3.19.2011

Azia as Amelia


Azia has been a little obsessed with Amelia Earhart the past week and a half. She had a little research project for school where she was to pick a person to learn more about and a project to show what she learned. She picked Amelia Earhart and decided on the option where she'd dress like her and read a paragraph she'd written to the class. You can tell she has been living with Israel. She had no idea who Oprah was (the person Jenna chose) but she was really excited about a woman aviator from more than 100 years ago. 

She's been reading some of Israel's Ameila Earhart books, googling things, watching youtube clips, drawing pictures everywhere, creating dioramas and ABC books (two of the other options) and writing little lists of facts and paragraphs and stories about Amelia Earhart on little scraps of paper and leaving them all around the house. I've been collecting the written stuff as I found it laying around & tucking it in the little folder she made at school. Last night as we were finding all the pieces for her costume and getting all the things she'd written out, I told her I'd type it up if she read me the parts she wanted to read to the class. Of course Azia didn't think this was necessary. She just took the pile of papers and was just going to wad them all up and shove them in the pocket of her leather aviator jacket (which her big brother bought for her at the Folkshop for her costume for $4.95.) When I suggested that maybe wasn't the best organization system for a presentation she told me she didn't really need them anyway because she probably had a lot of it memorized.

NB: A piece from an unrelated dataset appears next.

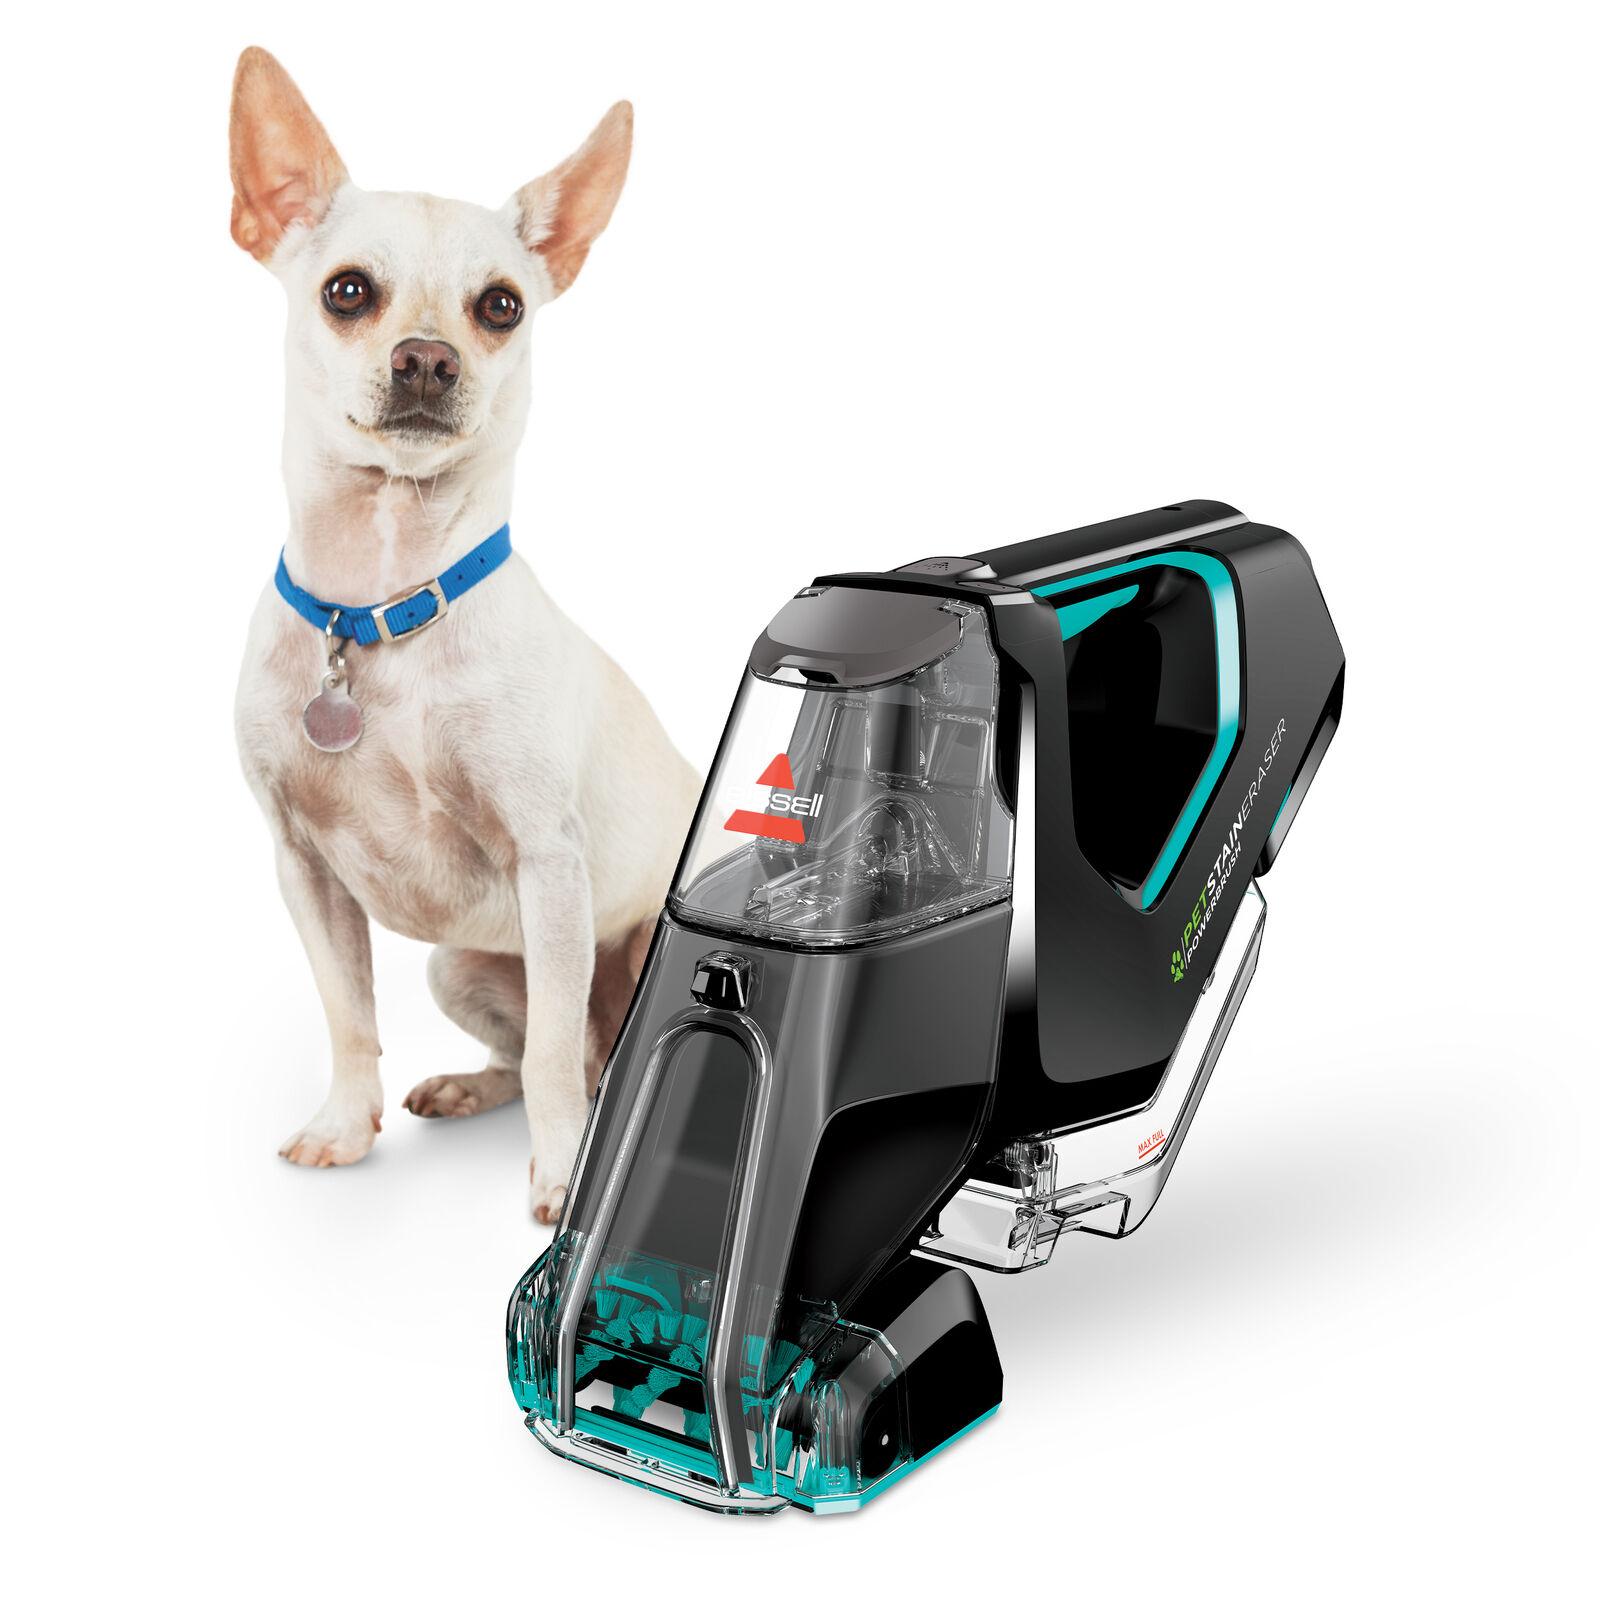 Bissell Pet Stain Eraser PowerBrush Portable Carpet Cleaner
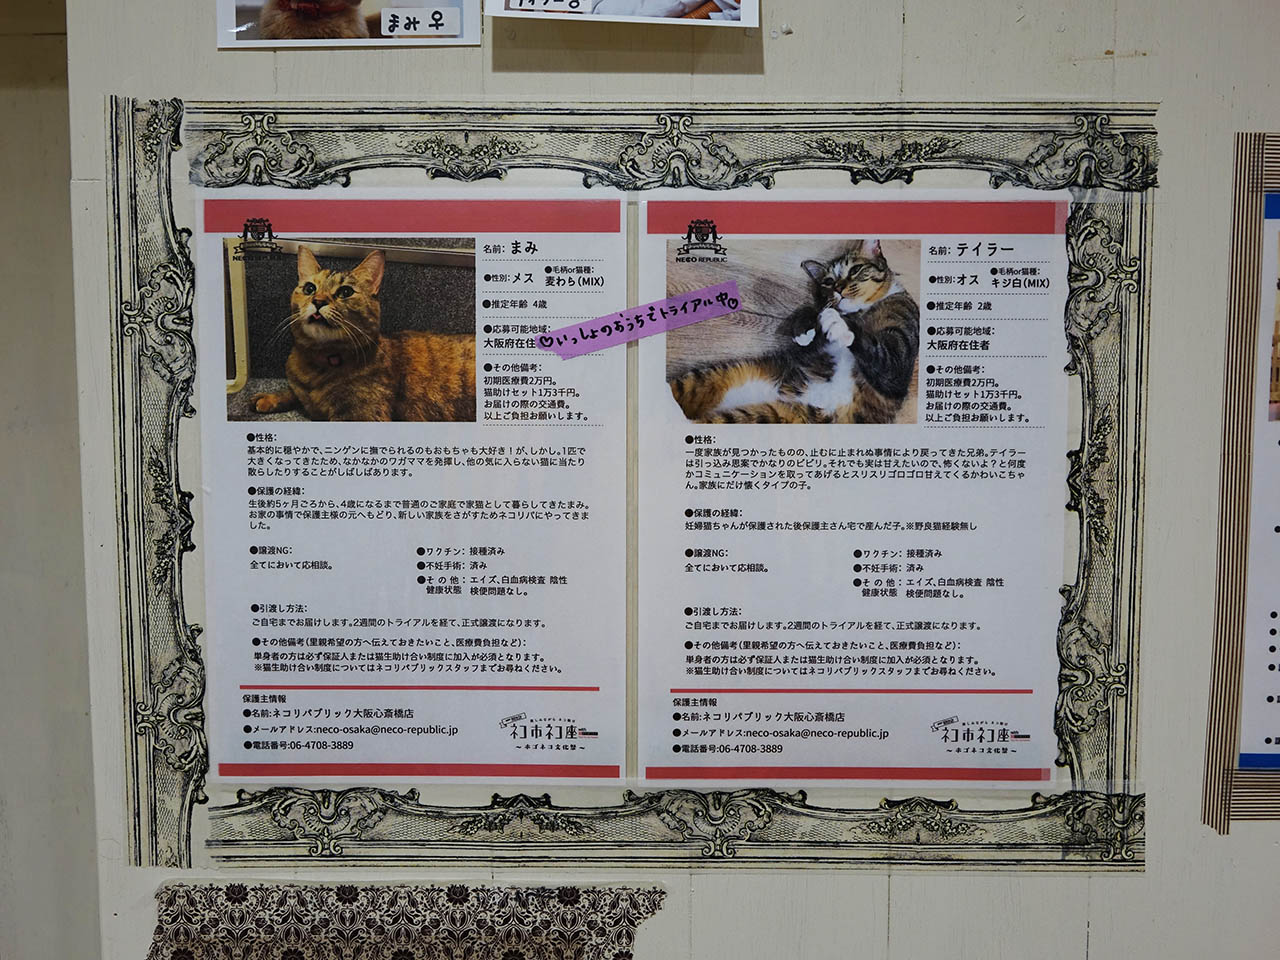 Cats of Neco Republic, #0546

After we started typing it she thought it was getting really long but didn't want to edit it because she thought it would be cool if it was the longest one in the class. We had to leave out some of my favorite things she'd written because (as she explained) she didn't know if they were really what happened or what people were thinking, it was just how she imagined it. And then there were just great lines like "she is rilly, rilly smart. I think she could be a teacher or nurse or even a secretarie" and "she is so brave she will have fun in heven."

Azia generally doesn't give school another thought after she leaves for the day (even when I strongly try to focus her on thinking about it) but every once in awhile she latches onto things she likes and really gets excited about learning. 


Azia's Amelia Earhart Report
Amelia Earhart was born July 24, 1897 at her grandparents’ home in Kansas. When Amelia was seven she built a roller coaster with her sister Muriel and the neighbor boy Ralphie. It was up on top of the garage and went all the way down to the ground. She said it was like flying. That was when she first wanted to fly a plane.

Amelia’s grandparents had lots of money and she and her sister Muriel moved to Iowa to live with them. Amelia was 10 years old when she saw her first plane in a grassy field at the Iowa State Fair, but she didn’t think it was interesting at all just sitting there.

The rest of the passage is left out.